Earlier this year, we piloted our inaugural Quarterly JUST Call – a new forum for CEOs to speak directly with investors about the ways in which they are creating value for all their stakeholders over the long term – in conversation with PayPal CEO Dan Schulman. A rousing success, the conversation exemplified the timeliness of our mission, and the deep need for the conversation around how C-Suite leaders and investors can build a more just economy that works for all.
Last week, we were joined by Akamai CEO Dr. Tom Leighton in conversation with JUST CEO Martin Whittaker for our second Quarterly JUST Call unpacking Akamai’s performance in the market and across five key business stakeholders we measure: Workers, Customers, Communities, the Environment, and Shareholders.
As this chart shows, Akamai’s share price performance has meaningfully outperformed that of the S&P 500 and NASDAQ over the last two years, demonstrating that this isn’t about trade offs.
“Stakeholders are critical to creating long-term success for a company,” said Dr. Leighton, “and driving value.” With Akamai’s strong performance across all five stakeholders, it’s clear that a stakeholder-driven mindset is deeply embedded in the company’s culture, driving success across the board.
Watch the replay of the webcast here, and check out the key takeaways below:
Remarkably, Akamai is a leader in every stakeholder we track – particularly Workers and the Environment. Dr. Leighton outlined how focusing on each is essential to the long-term success of the company – from creating a positive culture that empowers workers to give their best every day, to helping customers be more successful, to training and bolstering local communities, Akamai takes a holistic approach to supporting its stakeholders and drives shareholder value along the way.
When it comes to Workers, Akamai stands out especially in creating a supportive workplace and providing good benefits and work-life balance to employees. For example, Akamai is one of only 40 companies (out of the 922 we track and analyze) that offers “unlimited paid time off” to employees, and actively encourages its employees to take the time to be with family and loved ones rather then keeping them tethered to the office. “At Akamai, we’re in this for the long haul,” Dr. Leighton said, “As part of that we want employees to stay with us for a long period of time” – a challenging goal in the tech industry where turnover tends to be high.
One area of focus for Akamai is its exceptional paid parental leave – offering mothers 18 weeks and fathers 10. Programs like this may create short-term challenges for a company, but Akamai sees employees as an investment, who help to create value for other stakeholders – like customers and shareholders – over the long term.
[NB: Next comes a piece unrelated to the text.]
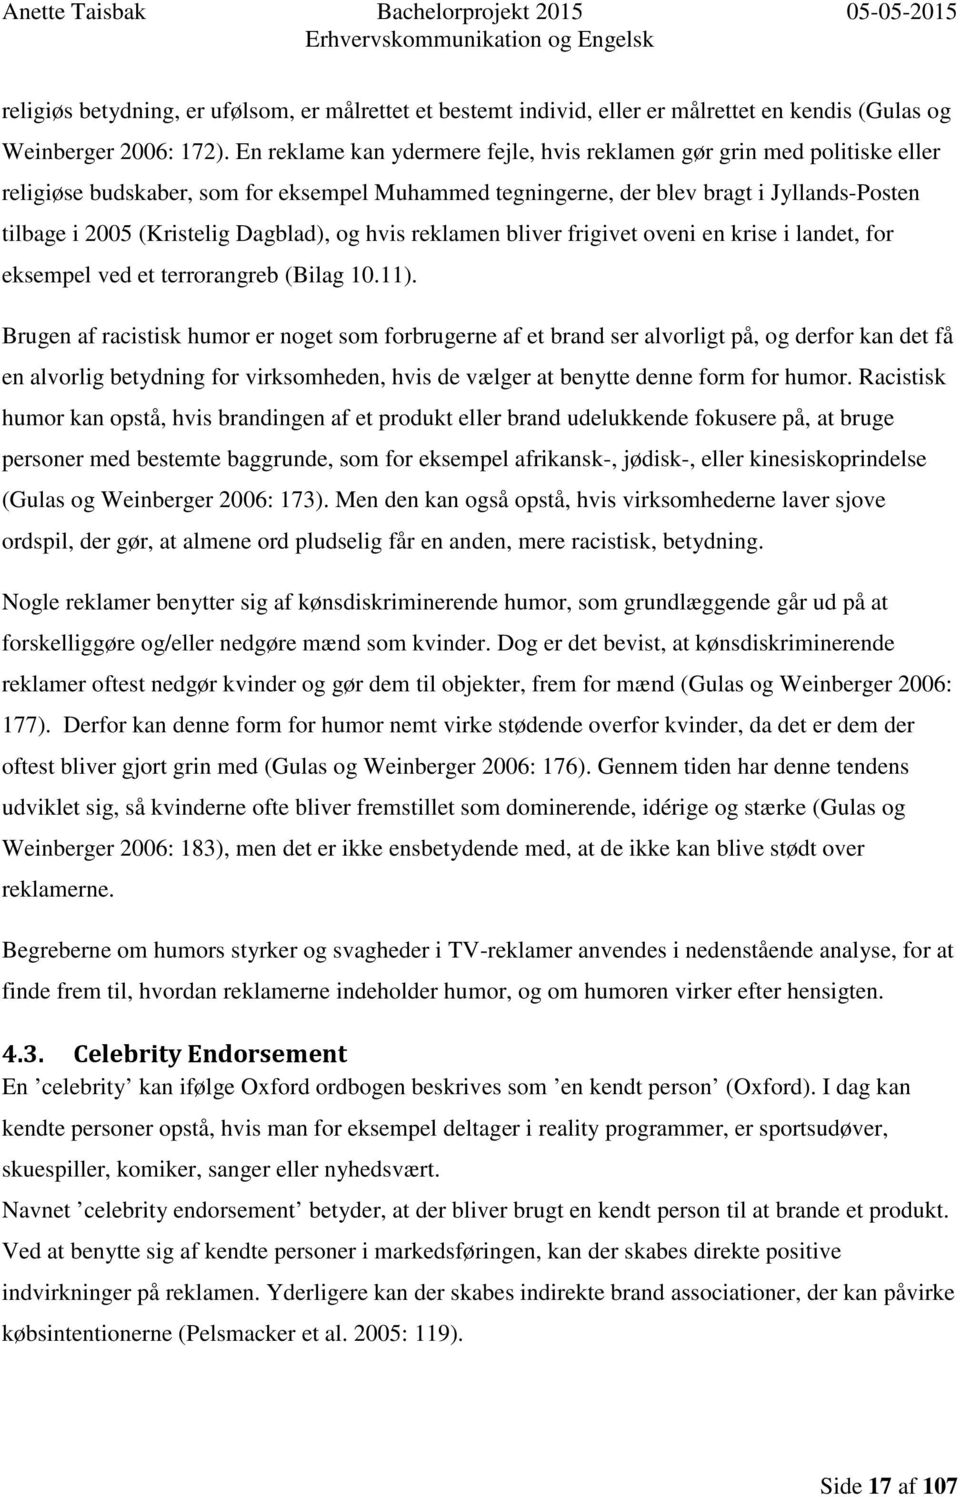 Humors betydning i danske TV-reklamer - PDF Free Download

Tom shared how pivotal it was when he took paternity leave as a first-time father, saying, “Hardest job I ever had. But it made a huge difference to me and to our family to be able to do that. A wonderful experience, taking many months off to be a primary caregiver.”
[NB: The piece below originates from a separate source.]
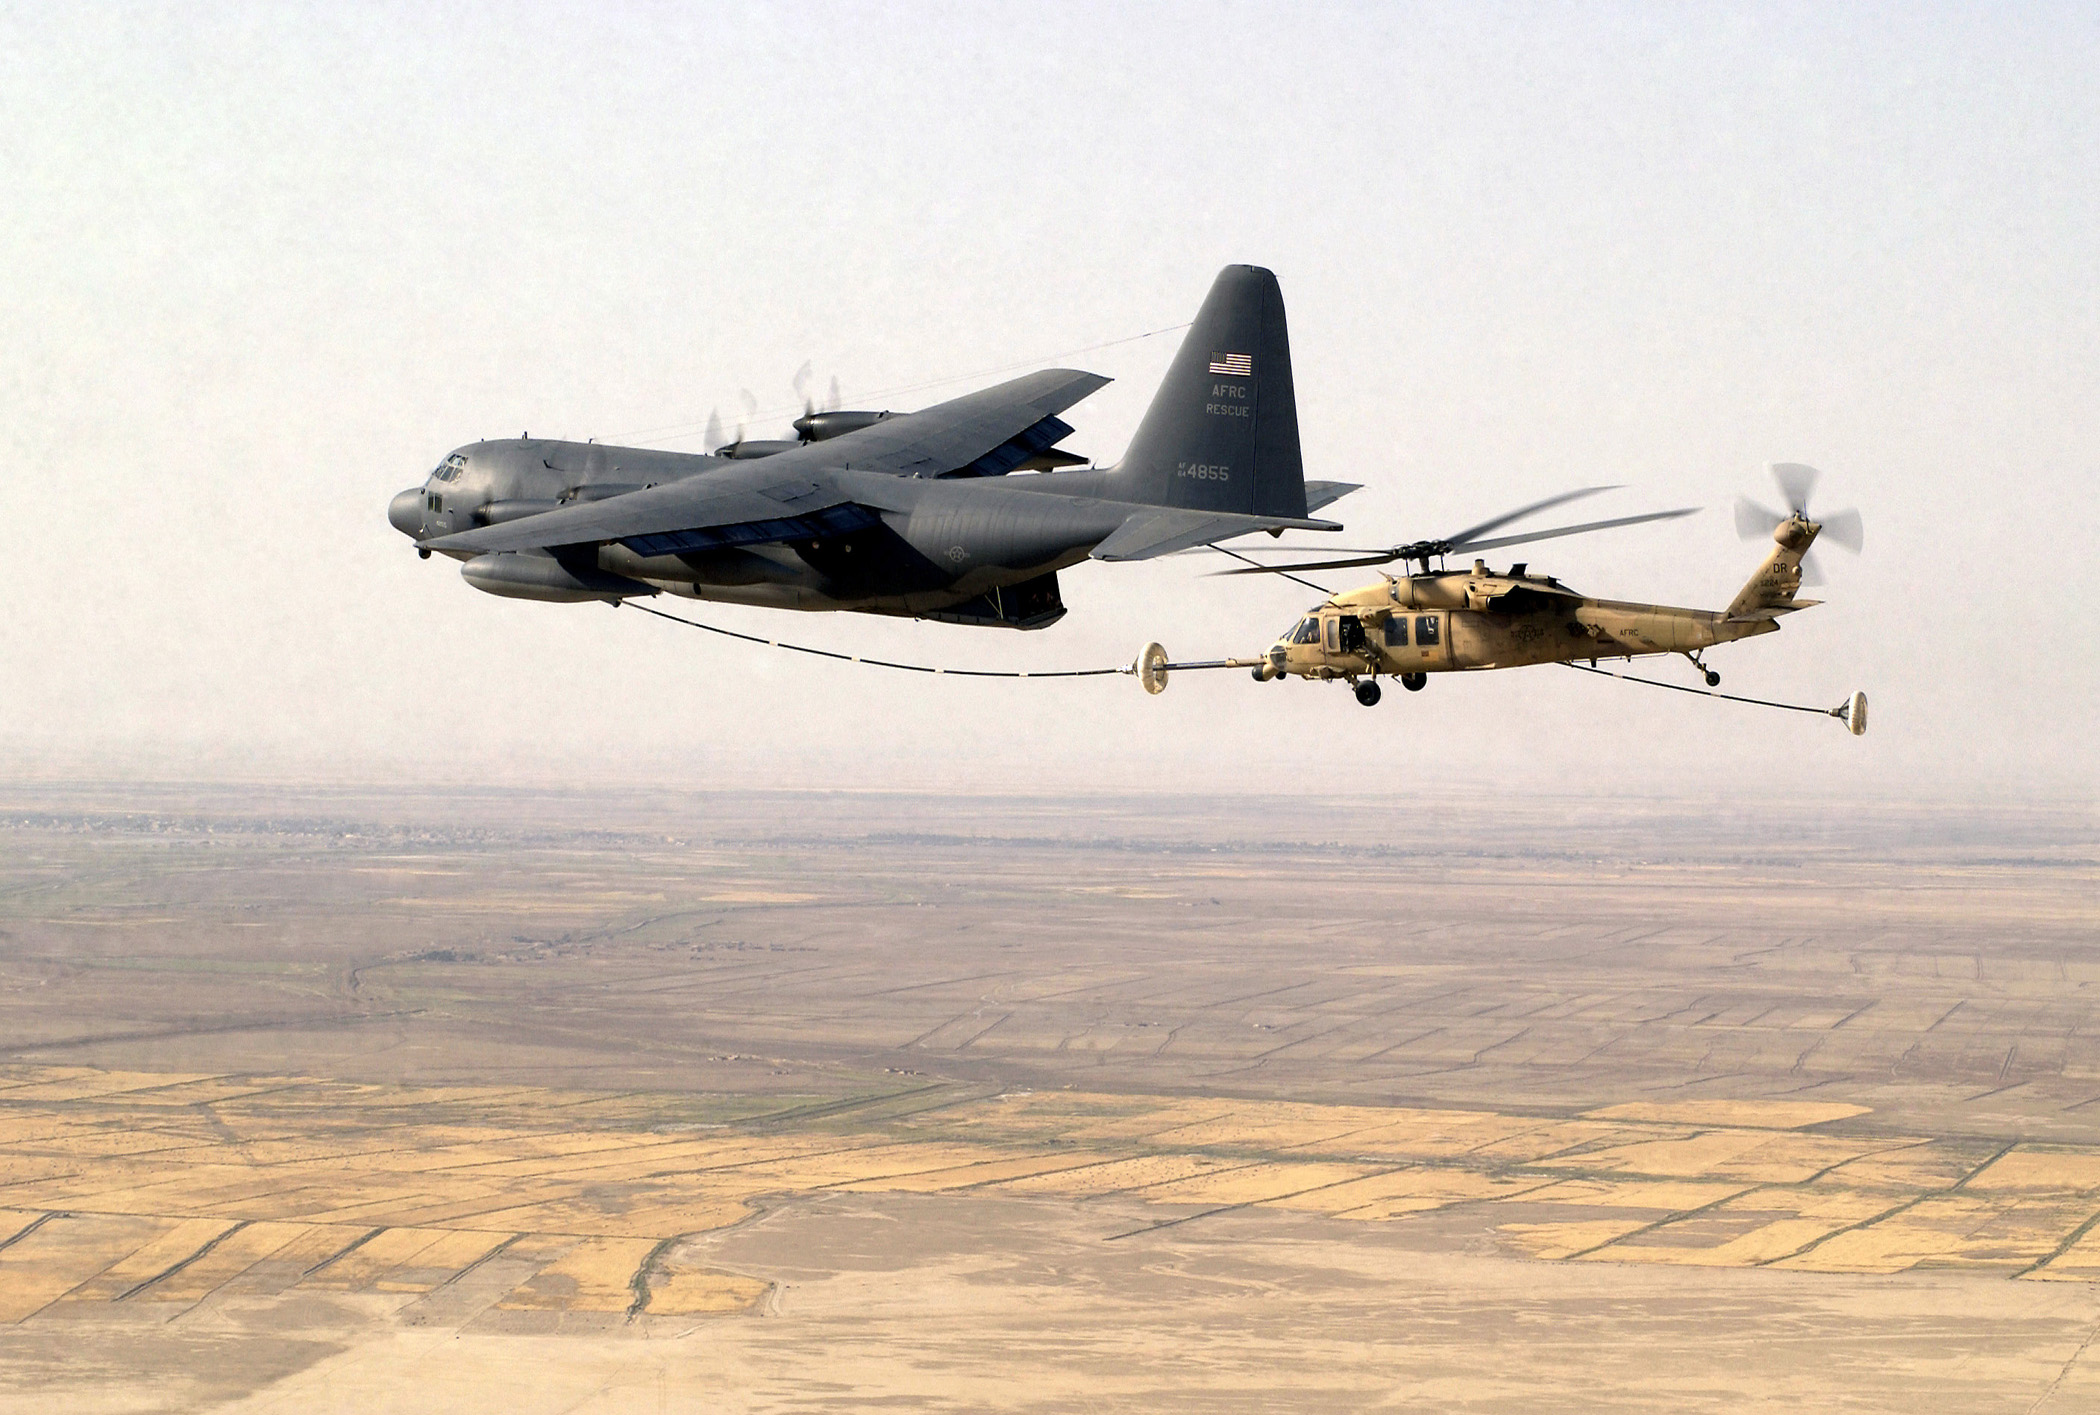 самолет, военный, вертолеты, транспортные средства, заправка, UH - 60 Black Hawk, KC - 130 Hercules - обои на рабочий стол

Akamai performs well across the board for its customers, but it stands out as a leader in customer privacy specifically. Dr. Leighton emphasized that “Users have the right to know what information is being used,” and increasingly today as more and more data is stored across the web. As one of the world’s largest distributed computing platforms, Akamai must and does take this issue very seriously, and approaches data privacy not just as an ESG issue, but a core business issue.
Community investment can sometimes be perceived as separate from the “serious business” of a company, but increasingly is viewed as an essential effort to grow and improve the areas where employees live and companies operate. Community growth is an area where Akamai excels – and through programs like Akamai Technical Academy, which trains and provides internships to people looking to build a career in tech, Akamai is advancing the professional skillset of the people affected by its corporate operations. These trainees go on to work at Akamai, which also serves to make its employee base more ethnically and socioeconomically diverse.
Dr. Leighton closed out the conversation with predictions around whether we might see greater disclosure from companies, particularly around human capital issues. Noting that this has already been increasing over time, he impressed that disclosure makes companies more competitive, and the internal measurement Akamai conducts and shares with employees serves to bolster engagement, empower teams, and build loyalty to and confidence in the company.
Which of course, as we’ve seen, is a virtuous cycle – ultimately benefiting the other stakeholders a company serves. Akamai’s holistic view of corporate leadership and value creation is one we hope to see more companies across all sectors adopt, building upon the practices and philosophies that CEOs like Dr. Leighton have created in their companies.